Opinion
21-56370
12-14-2022
NOT FOR PUBLICATION
Argued and Submitted October 18, 2022
Appeal from the United States District Court for the Southern District of California, No. 3:20-cv-01446-JM-BGS, Jeffrey T. Miller, District Judge, Presiding
Before: HIGGINSON, [**] CHRISTEN, and BUMATAY, Circuit Judges.
MEMORANDUM [*]
Anthony Moreno appeals the dismissal of a class action suit against Vi-Jon, LLC, a manufacturer of common hand sanitizers. Moreno sought certification of a class of California consumers, alleging false or deceptive advertising and related claims. Vi-Jon moved to dismiss for lack of standing and failure to state a claim under Rules 12(b)(1) and 12(b)(6) of the Federal Rules of Civil Procedure. The district court granted both motions.
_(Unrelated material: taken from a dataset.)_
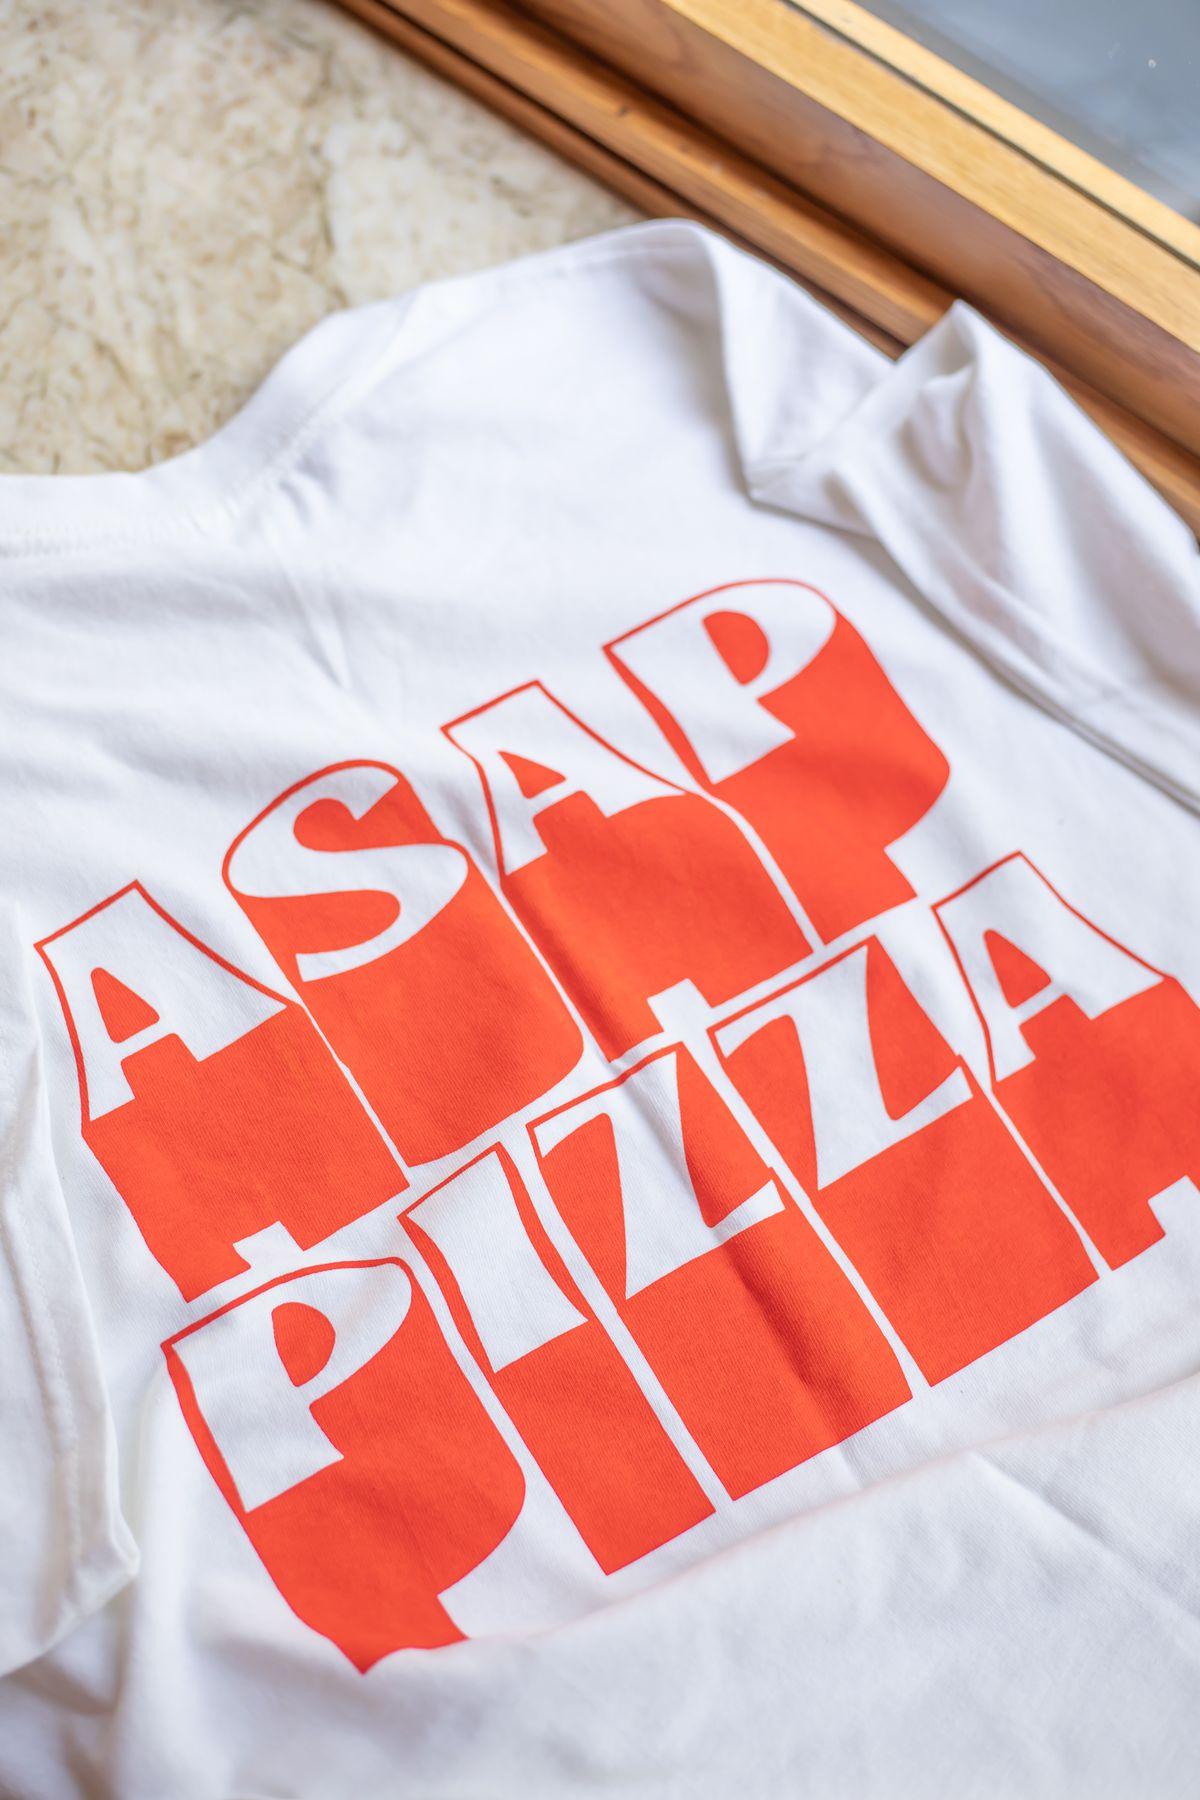 A pizza t-shirt from ASAP Pizza

This court has jurisdiction under 28 U.S.C. § 1291, and we review de novo. Moore v. Trader Joes Co., 4 F.4th 874, 880 (9th Cir. 2021); Rhoades v. Avon Prods., Inc., 504 F.3d 1151, 1156 (9th Cir. 2007). During review, "we accept all material allegations in the complaint as true and construe them in the light most favorable to [Moreno]." N. Star Intern. v. Ariz. Corp. Comm'n, 720 F.2d 578, 580 (9th Cir. 1983). Dismissal is proper "if the complaint fails to plead enough facts to state a claim to relief that is plausible on its face." Koessler v. CVS Health Corp., 977 F.3d 803, 807 (9th Cir. 2020) (internal quotation marks and citation omitted).
We reverse the district court's order granting dismissal pursuant to Rule 12(b)(1), vacate the order granting 12(b)(6) dismissal, and grant Moreno leave to file a third amended complaint.
1. The district court granted Vi-Jon's motion to dismiss under Rule 12(b)(1) for lack of Article III standing and subject-matter jurisdiction, holding Moreno "only pled a speculative, conjectural and hypothetical injury." Moreno adequately pleaded economic injury. He alleged that he wouldn't have purchased or paid as much for Vi-Jon's products if he had known the truth about their effectiveness. This is sufficient for an Article III injury. See Hinojos v. Kohl's Corp., 718 F.3d 1098, 1104 n.3 (9th Cir. 2013) (holding that plaintiffs who contend that they "paid more for [a product] than they otherwise would have paid, or bought it when they otherwise would not have done so" have suffered an Article III injury in fact) (simplified); Maya v. Centex Corp., 658 F.3d 1060, 1069 (9th Cir. 2011) (holding that plaintiffs have Article III standing when they "spent money that, absent defendants' actions, they would not have spent"). We thus reverse the district court's Rule 12(b)(1) ruling.
2. The district court also granted Vi-Jon's motion to dismiss for failure to state a claim under Rule 12(b)(6). At oral argument, responses to the panel's questions indicated that Moreno's complaint could be amended such that it would potentially survive 12(b)(6) dismissal. For example, the parties disagree about whether the complaint adequately alleges falsity as to the hand sanitizers' ability to kill only germs commonly found on hands, as opposed to all germs. The district court read the complaint as referring to all germs, but Moreno contends the complaint may be amended to refer to germs commonly found on hands. Both parties agreed at oral argument that the 12(b)(6) analysis would be different under such allegations.
When a complaint can be cured, leave to amend should be freely given. See AE ex rel. Hernandez v. County of Tulare, 666 F.3d 631, 636 (9th Cir. 2012). We thus vacate the district court's 12(b)(6) ruling, remand, and direct the district court to grant Moreno leave to file a third amended complaint. Vi-Jon may then renew its motion to dismiss under 12(b)(6).
REVERSED in part and VACATED and REMANDED in part.
[*] This disposition is not appropriate for publication and is not precedent except as provided by Ninth Circuit Rule 36-3.
[**] The Honorable Stephen A. Higginson, United States Circuit Judge for the U.S. Court of Appeals for the Fifth Circuit, sitting by designation.